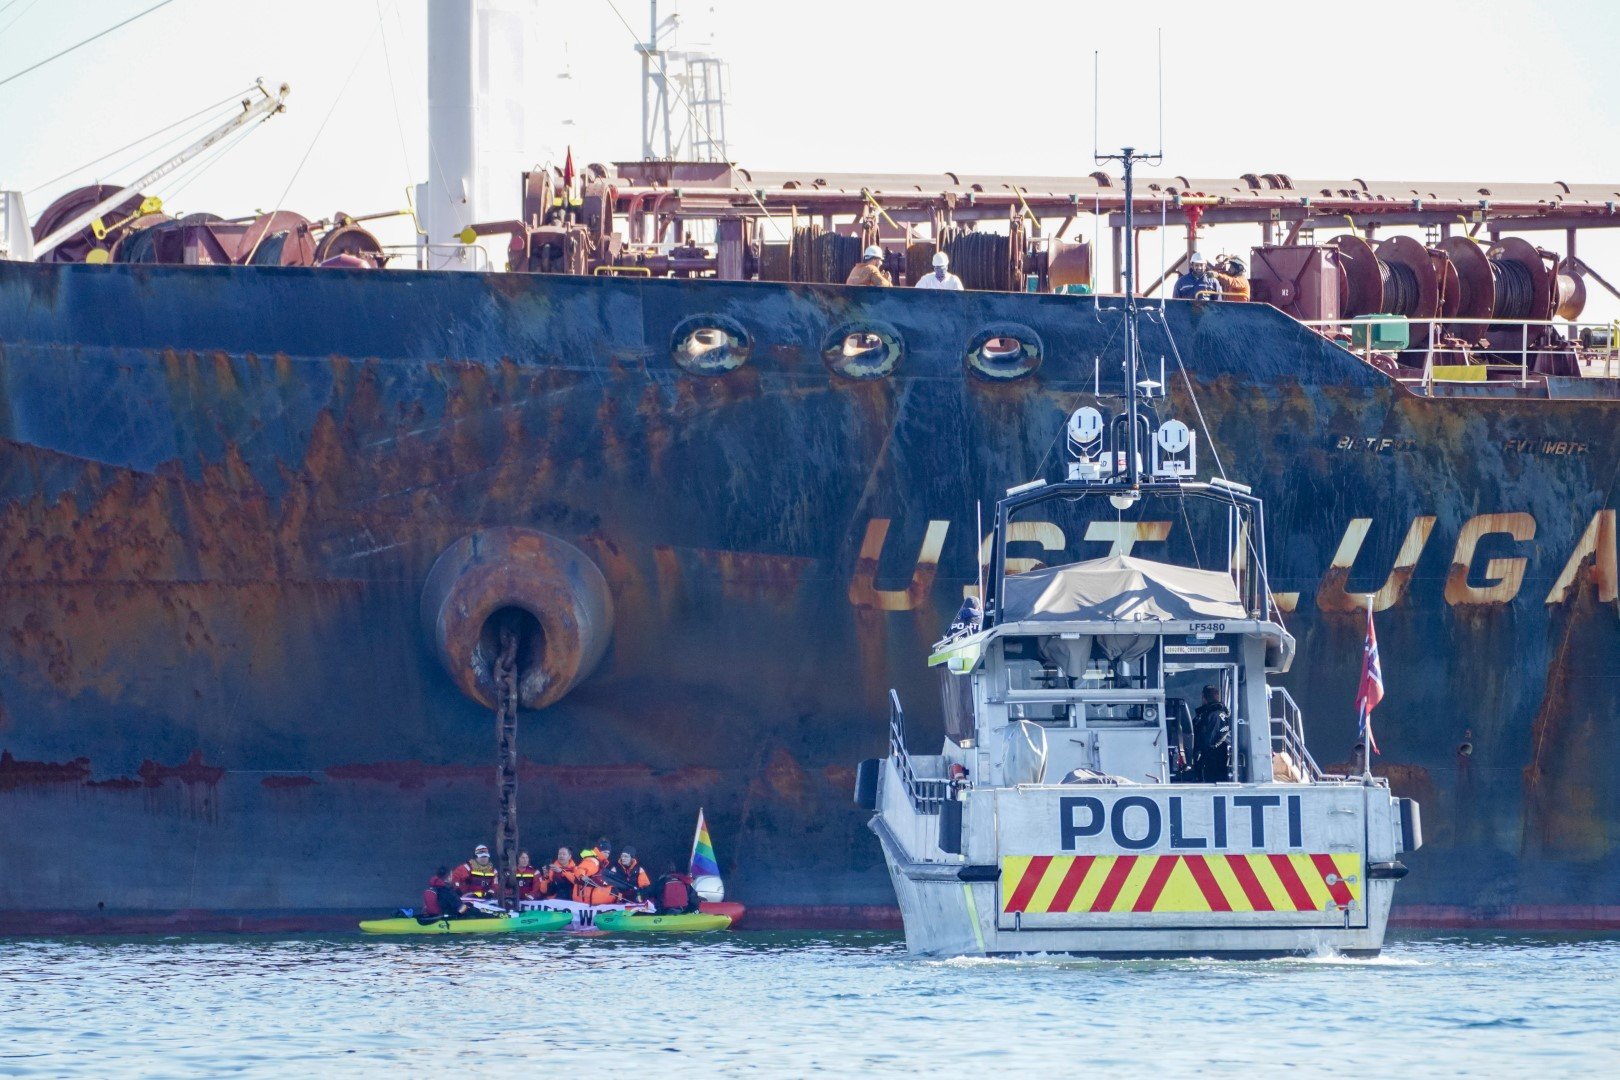 Полицейска лодка на местопроизшествието - Грийнпийс организира протест пред кораба Уст Луга, превозващ руски петрол за Норвегия, в Осгардстранд, понеделник, 25 април 2022 г.
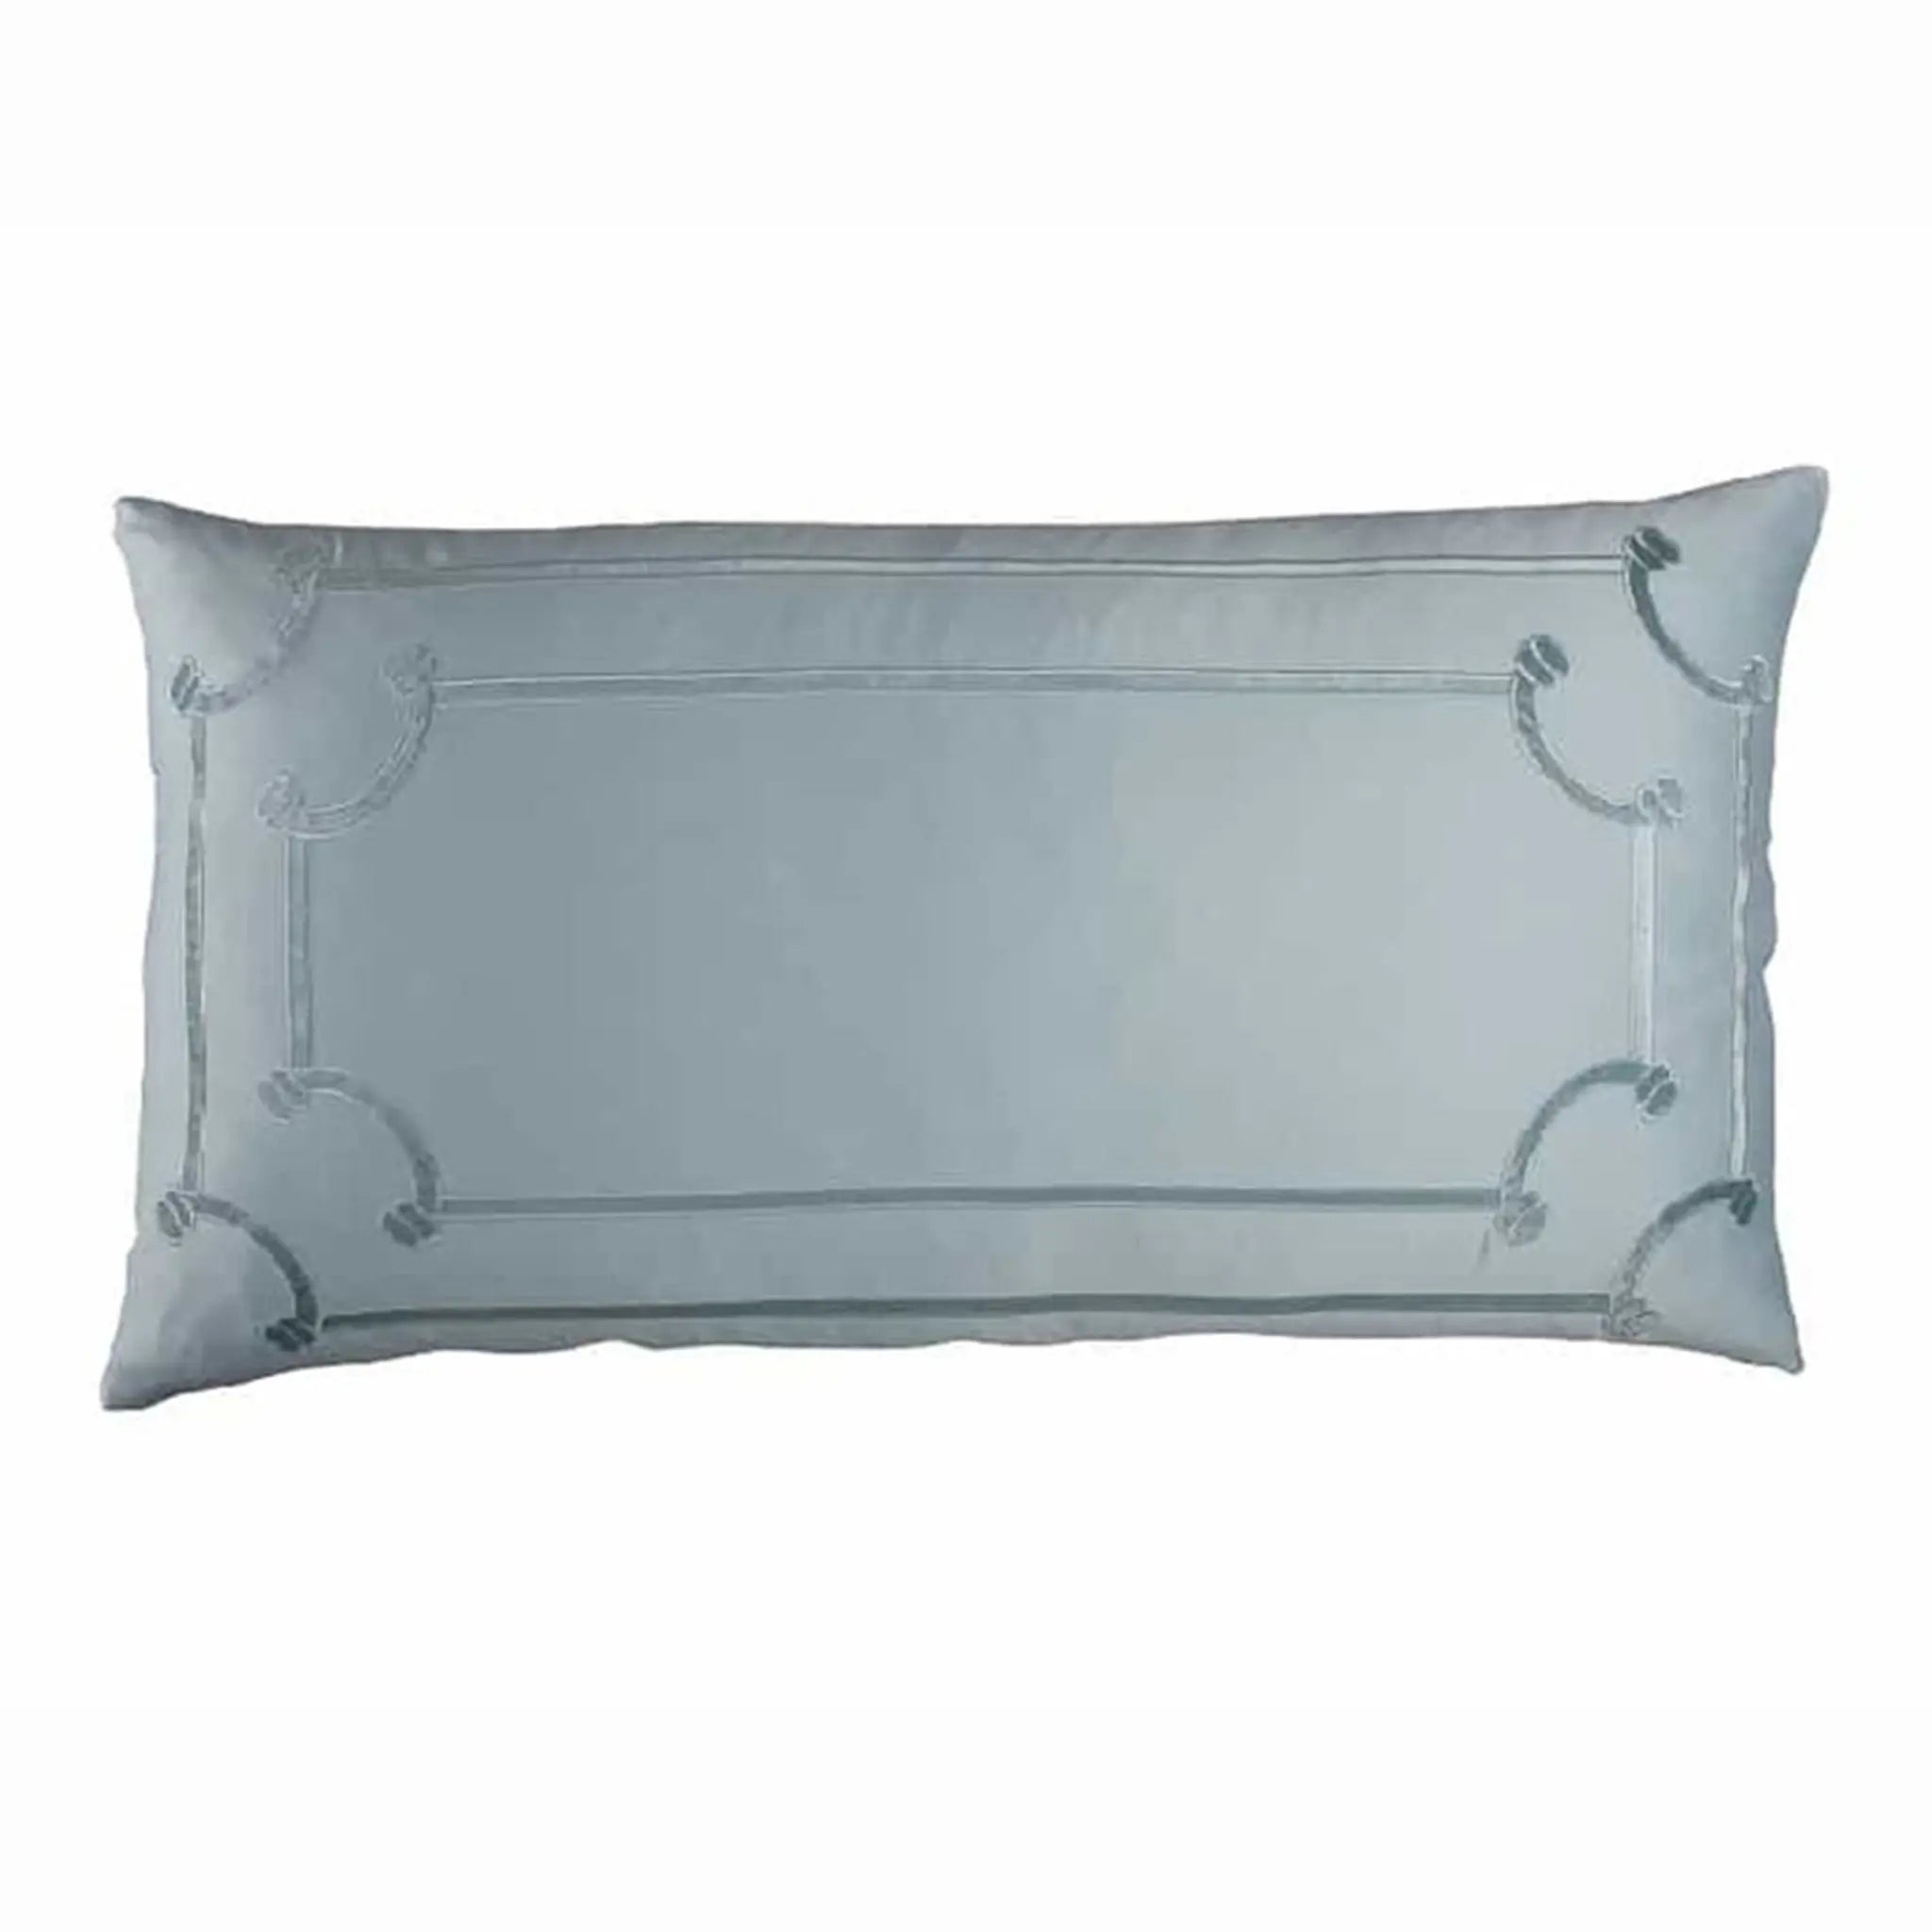 Lili Alessandra Vendome King Pillow in Sea Foam
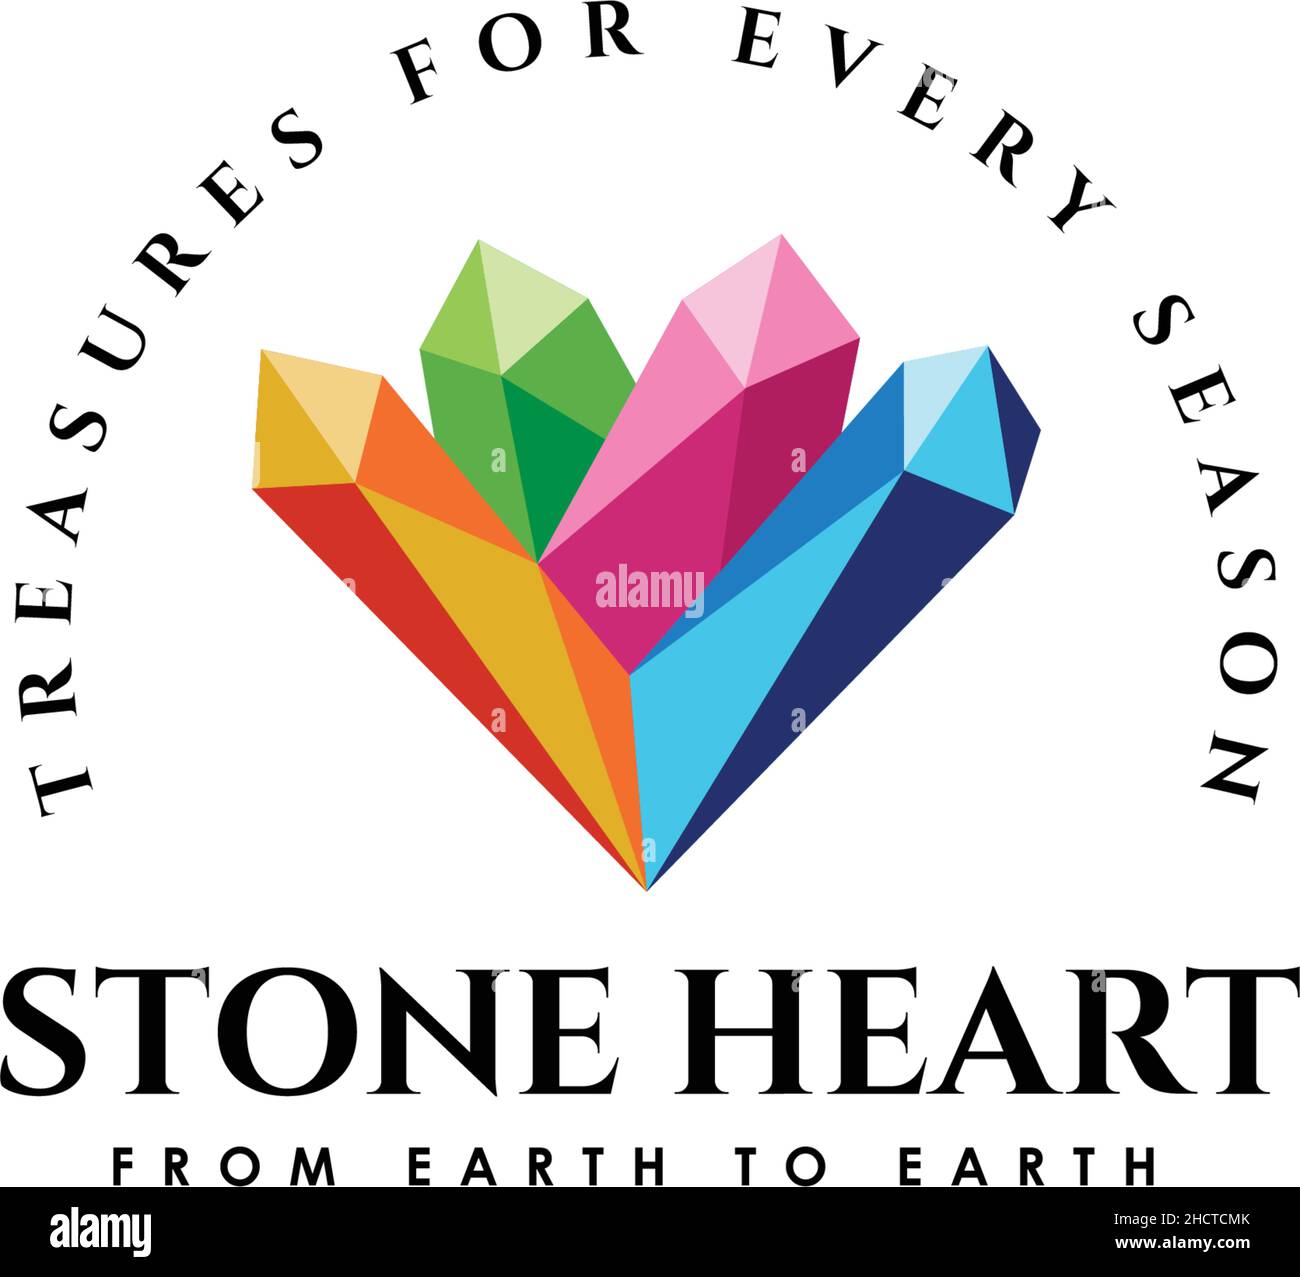 Heart gems stock image. Image of symbol, reflection, romance - 3987351

• _Exercise brief_
In your copy, reproduce the data above exactly and skip every picture.

• _Solution to this exercise_
 Полицейска лодка на местопроизшествието - Грийнпийс организира протест пред кораба Уст Луга, превозващ руски петрол за Норвегия, в Осгардстранд, понеделник, 25 април 2022 г.
 Lili Alessandra Vendome King Pillow in Sea Foam
 Heart gems stock image. Image of symbol, reflection, romance - 3987351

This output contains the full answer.